Money that voters expected to go to the sharp end has instead been spent on administration. Since 1998, the number of NHS managers in England has risen three times as fast as the number of clinical staff, doctors and nurses. At the same time, despite the injection of billions, NHS productivity has fallen 1 per cent a year since 1997, which itself is an indictment of those managers. What will happen in 2008, when the extraordinary budget increases cease, is already a pressing concern.

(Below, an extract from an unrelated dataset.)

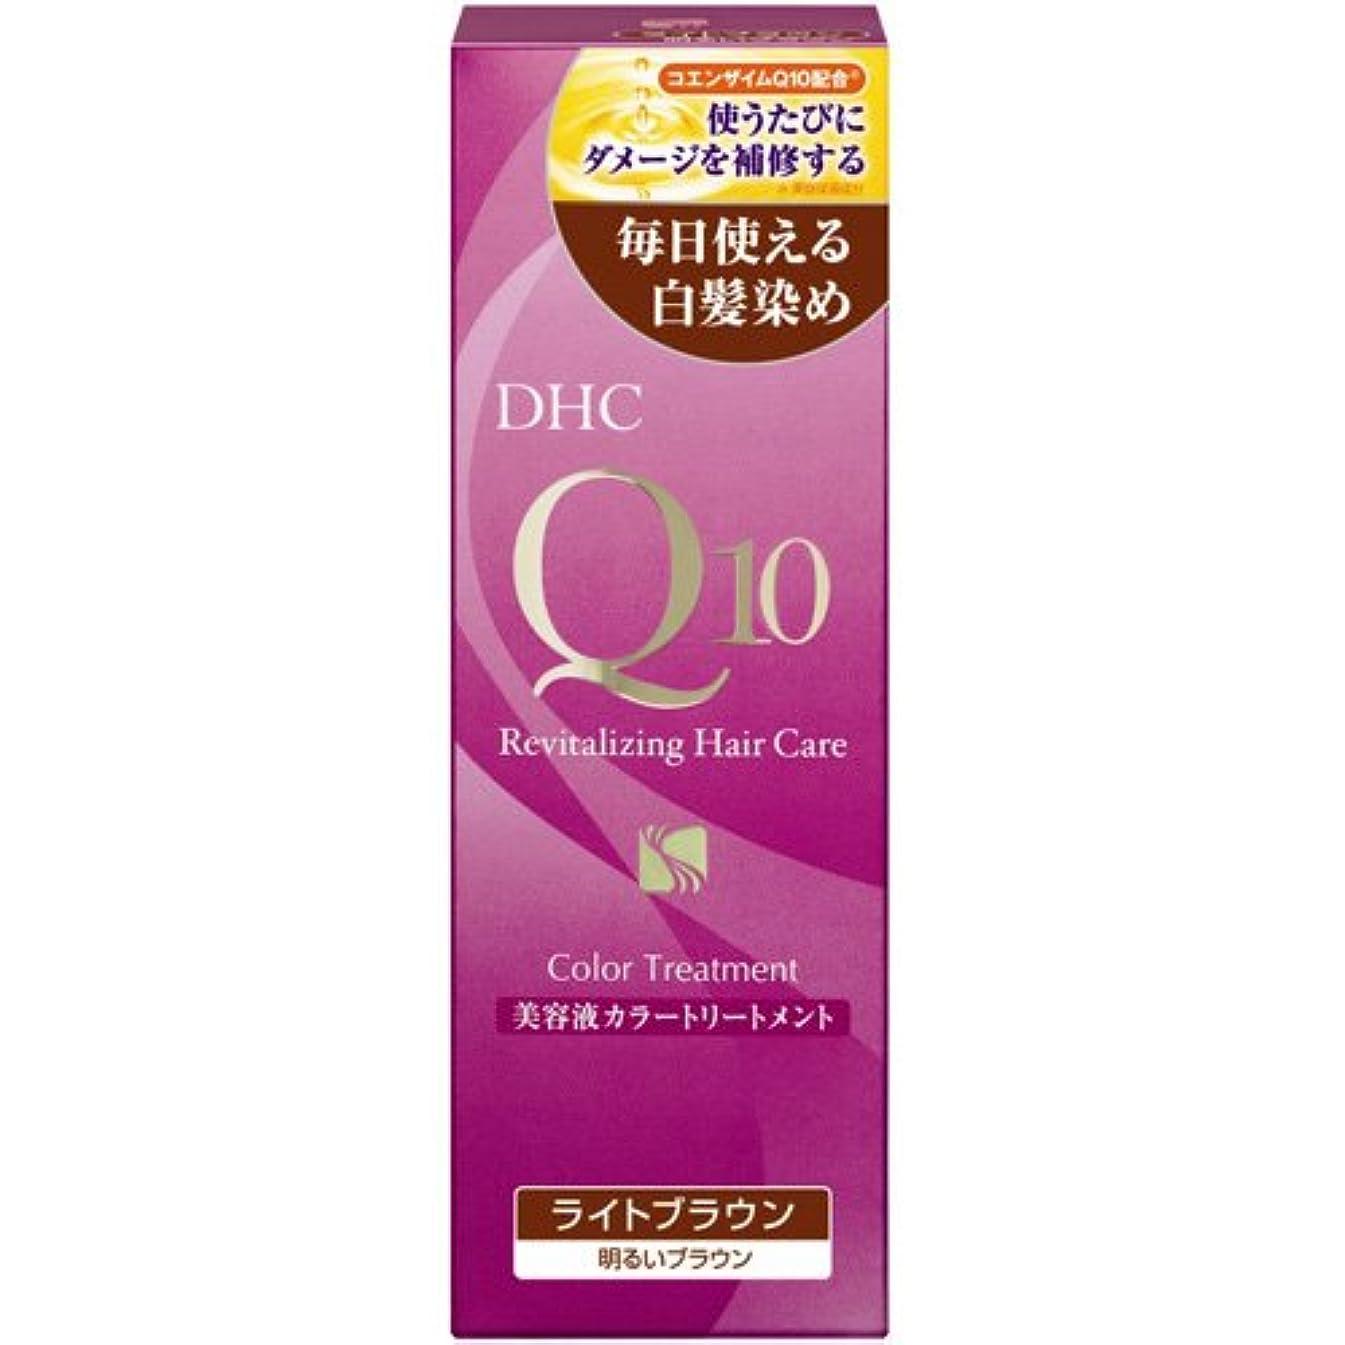 恵み略す憤るDHC Q10美溶液カラートリートメントLブラウンSS170g

This is not a problem afflicting just the NHS. Like patients waiting for or being refused operations, parents can be forgiven for wondering when the billions of extra pounds in education spending will be evident in their children’s classroom. Like the NHS, the hiring of education administrators has outstripped that of teachers. The same is true in the police and the Prison Service. Productivity, which is rising, albeit slowly, in the private sector has been falling across the public sector.
This is a serious challenge for Gordon Brown. The Chancellor has been lionised by supporters for his generous allocation of public funds to schools and hospitals. But the money is meaningless unless patients are receiving better treatment and pupils an improved schooling. The gloss is threatening to come off Mr Brown’s economic miracle. The £20 billion surplus he inherited in 1997 is now a £30 billion deficit. Unless he can extract more bang for the public’s buck, his fate may be similar to that of the knee and groin parents in Harrow.